Of course we want to check that our definition of semantic dependency satisfies the Fundamental Property of Section 5.3. Given the information we have already presented, the demonstration is easy.

Suppose we have W,  $\{R_i\}$ , A, and H as in the definition. The Fundamental Property assumes that W is not omitted in H, so there is an abstract execution B with hardware realization G witnessing the semantic dependency of the store W on the loads  $\{R_i\}$  in A and H. We must show that some  $R_i$  is not omitted and  $R'_i$  is ordered before W' in H. The proof splits into three cases.

First case: W' lies in the initial period of T in H. During the initial period of the hardware executions, H and G behave identically and therefore W' performs the same write in both.
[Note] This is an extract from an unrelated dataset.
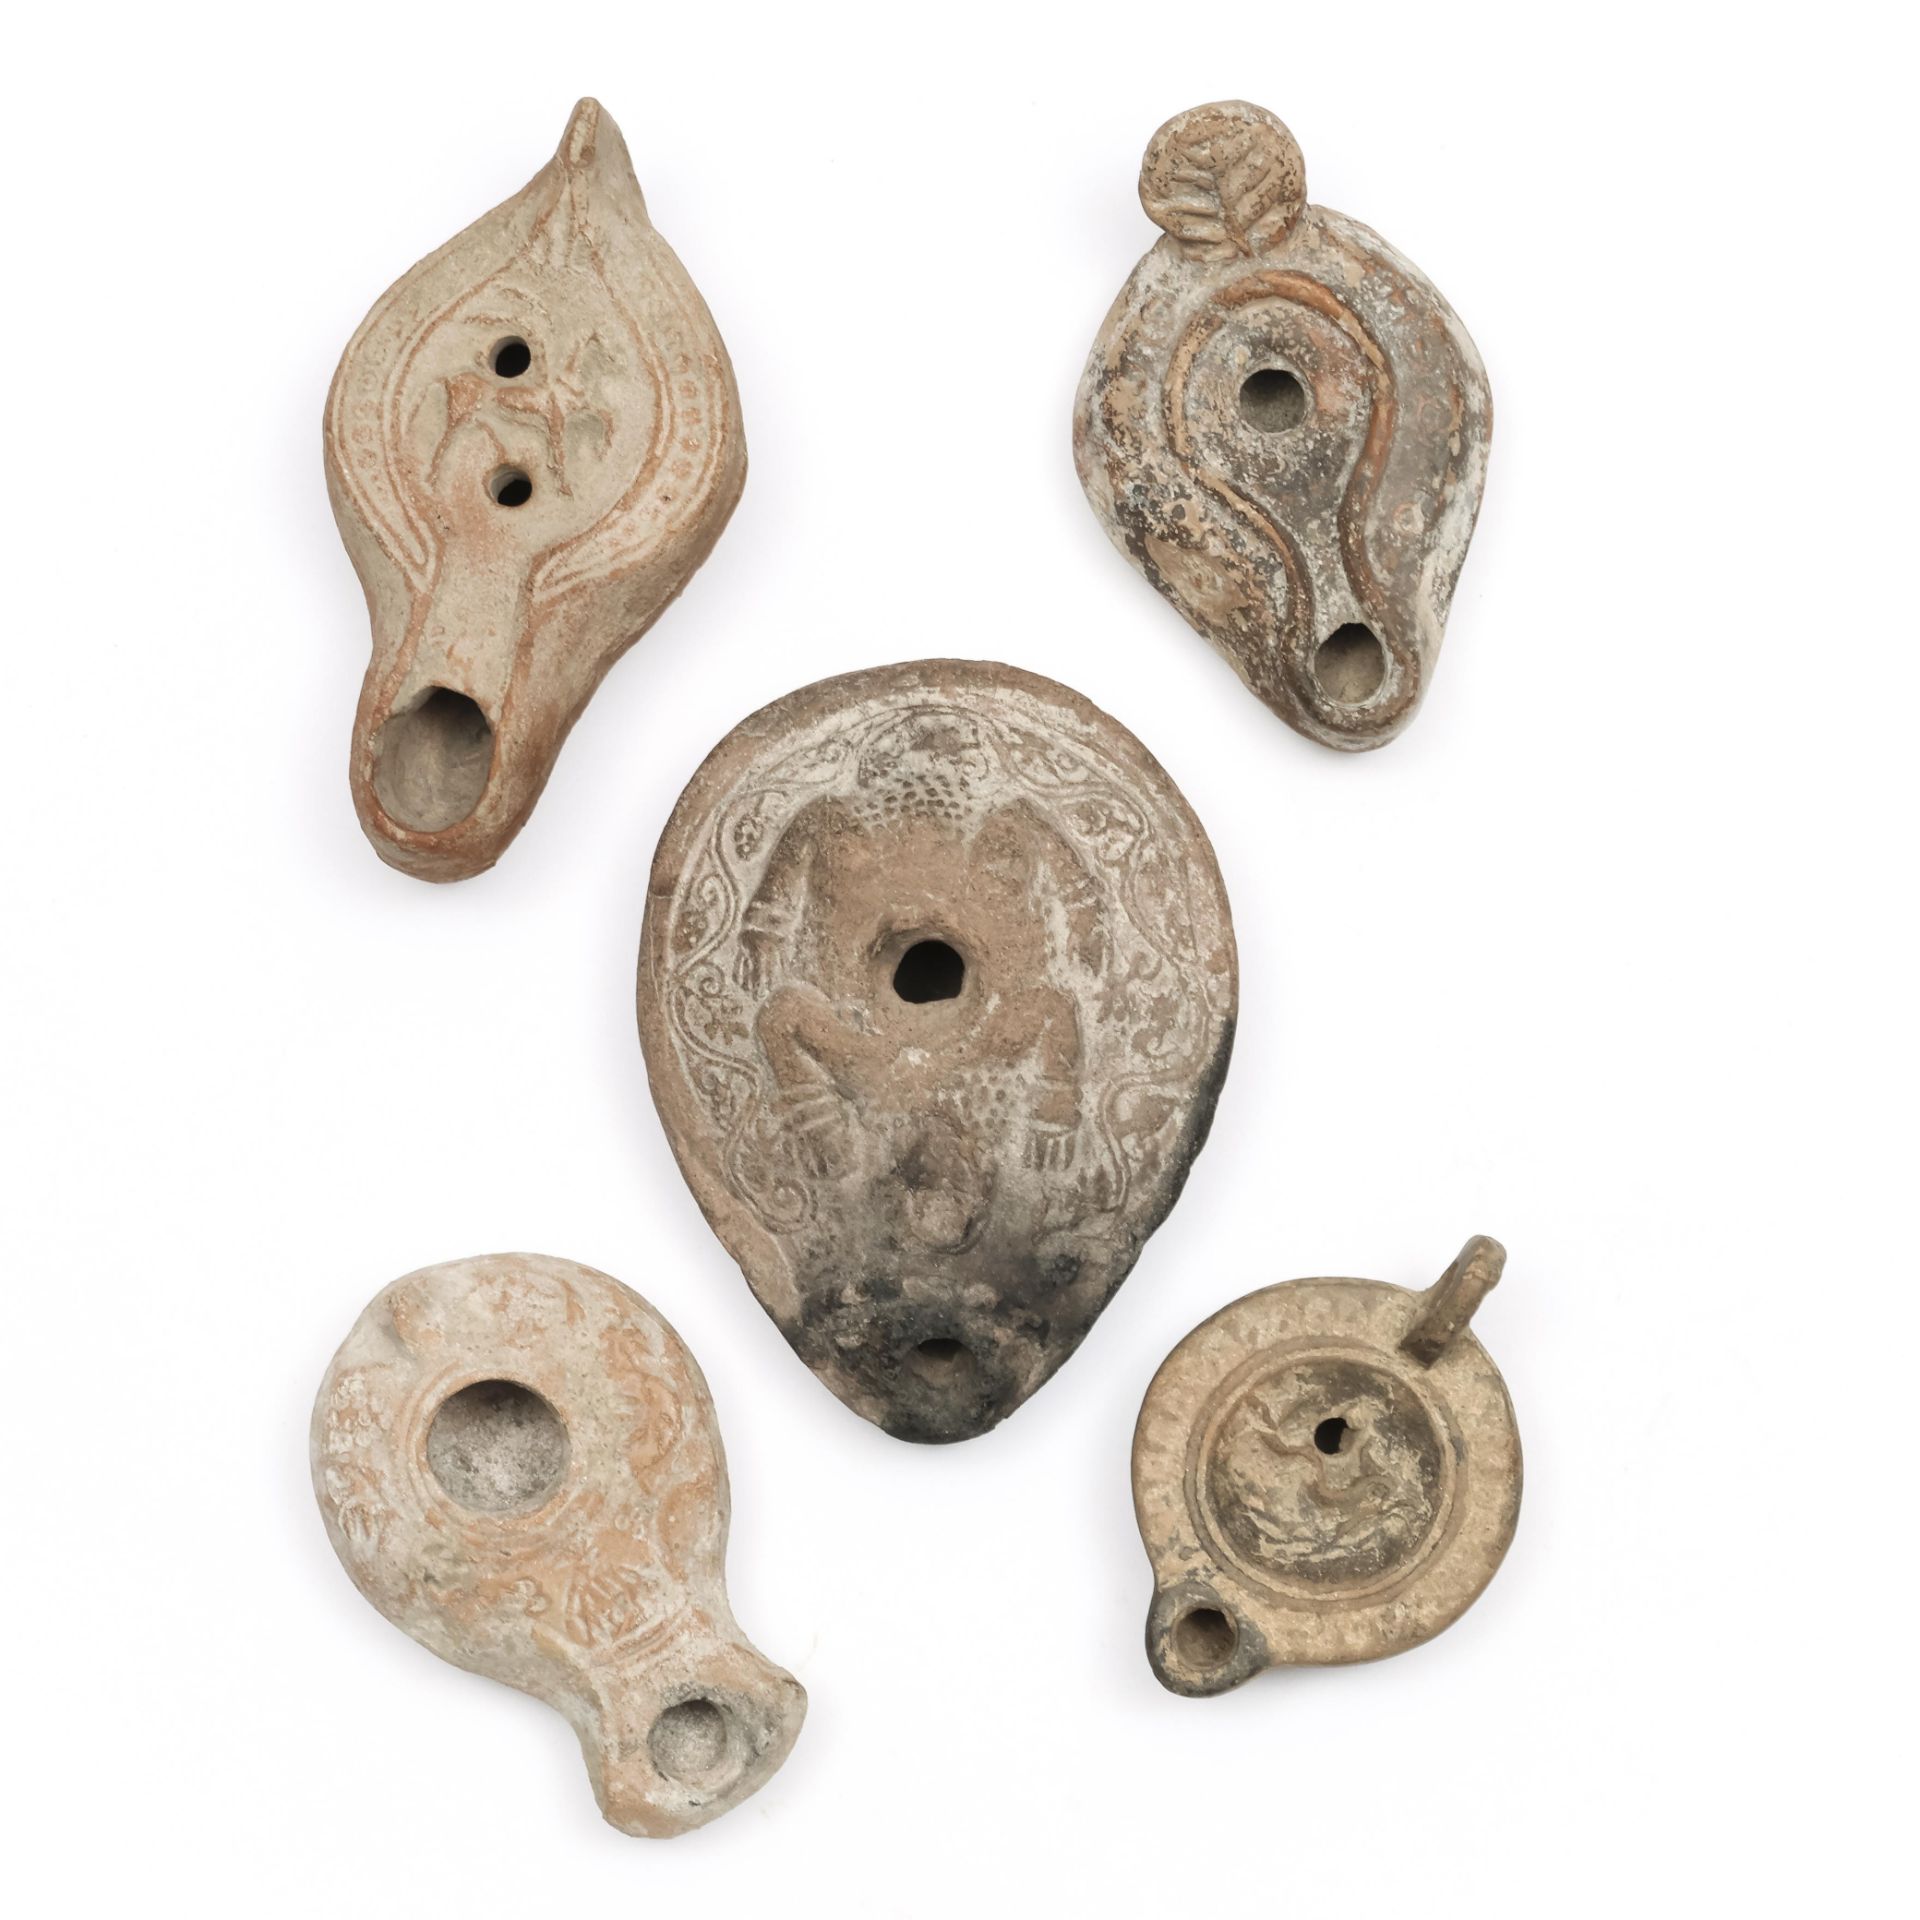 Five various terracotta oil lamps; Near Eastern and Roman.

This contradicts the fact that B and G witness the semantic dependency.

Second case: W' lies in the common period of T in H. Since the action of W' in H is different from its action in G, at least one of its inputs must differ between the two hardware executions. Therefore the source instruction for that input must behave differently, and so must one of its sources, going back until we reach a load instruction that obtains differing values in H and G. Then W' depends on this load and so is ordered after it. And since the load must lie in the common period of H, by the definition of semantic dependency it must either be one of the  $R'_i$  or be ordered after one of them. Therefore W' is ordered after one of the  $R'_i$  in H, which certainly means that  $R_i$  is not omitted.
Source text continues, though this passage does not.